— Одну минуту, — сказал он. — Я отбираю дела, которые нужно сделать. Остальное выброшу.
Карен кивнула и посмотрела на стену, где, как она помнила, висело стихотворение в замызганной рамке:
Я заперла свою сестренку и от жизни, и от света,
Ради розы, ради ленты, за венок на голове.
Это напомнило ей о кошмаре в Марианах. Карен отвернулась.
Арнольд запихнул несколько папок в коробку, а остальные бросил в мусорное ведро.
— Ну, — сказал он, — ты отдала свое первородство. Утром Белл сказала мне, что перевела свои акции на имя Джефри. Это было неразумно.
Карен кивнула.
— Я всегда пытался понять точку зрения твоей матери. Я твердо знал, что она действовала из страха, а не из ненависти. В конечном счете, я всегда приходил к этому. — Он покачал головой. — Я совершил много ошибок, Карен. Но больше всего сожалею, когда моя ошибка задевает тебя.
Карен чувствовала комок в горле, но она не собиралась больше плакать. Знал ли ее отец, что она была настоящей дочерью Белл? Должна ли она рассказать ему об этом? Значило ли это что-нибудь, в конце концов? Лучше придерживаться дела.

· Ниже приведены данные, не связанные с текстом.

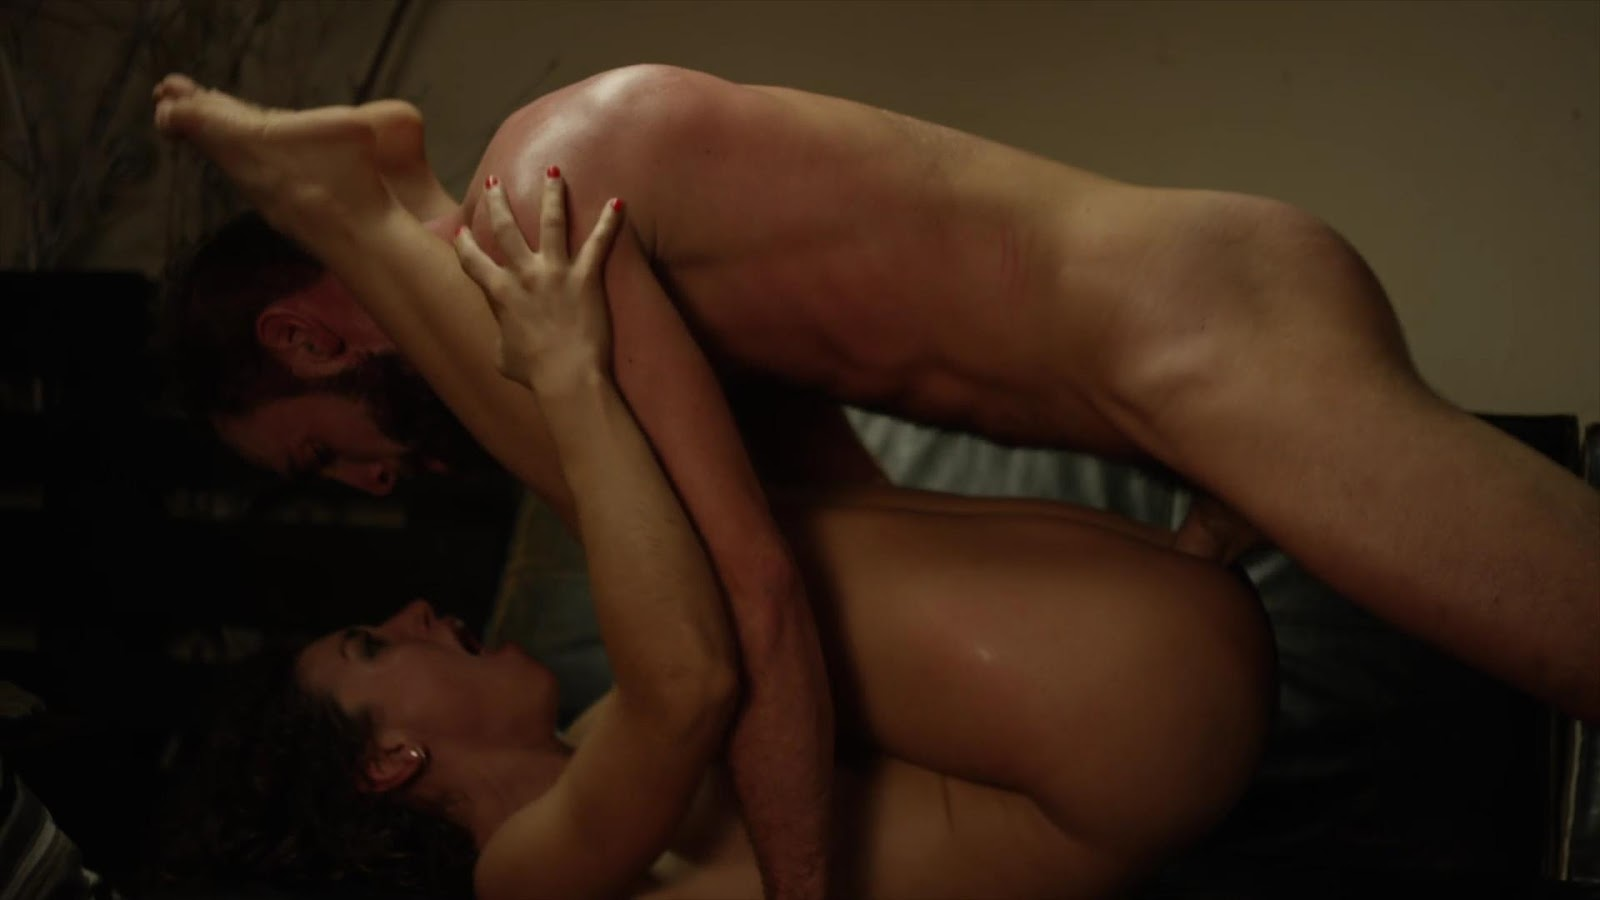 erotic near me

— Я как раз хотела задать тебе один вопрос, — сказала она Арнольду. — Вы включили К. К. Inc. в вашу корпорацию. Могу ли я сделать что-нибудь, чтобы помочь вам?
Арнольд покачал головой.
— Ты уже сделала немало. Если бы я пораньше узнал, что ты перевела на нас свои акции! Я бы тогда посоветовал тебе не делать этого. Но это был благородный жест. И может быть, даже правильный. Карен, ты хорошая девочка. Я получил письмо от Ларса Дагсвара. Он думает, что ты можешь делать чудеса: ходить по воде и прочее. — Он положил ей руку на плечо. — Я горжусь тобой, — сказал он.
— Ты действительно так думаешь? А я в самом деле чувствую, что я молодец.
— Ты была храброй и много работала. И ты участвовала в плохой мужской игре. Карен, нет ничего более жестокого, чем швейная индустрия. Ты знаешь это. Мы говорим о бизнесе в сорок миллиардов долларов в год, а это даже больше, чем в автомобильной промышленности. Им руководят мужчины, и он питается женскими слабостями. В пятидесятых-шестидесятых я видел беспорядки в Дейтройте, когда планировалось отстранение мужчин от дела. Мне оставалось лишь презирать парней, втянутых в эту «новую модель». Я думал, что женщины не могут быть такими глупыми. Но они дуры. Ты действовала хорошо. Ты очень старалась. Тебе нечего стыдиться.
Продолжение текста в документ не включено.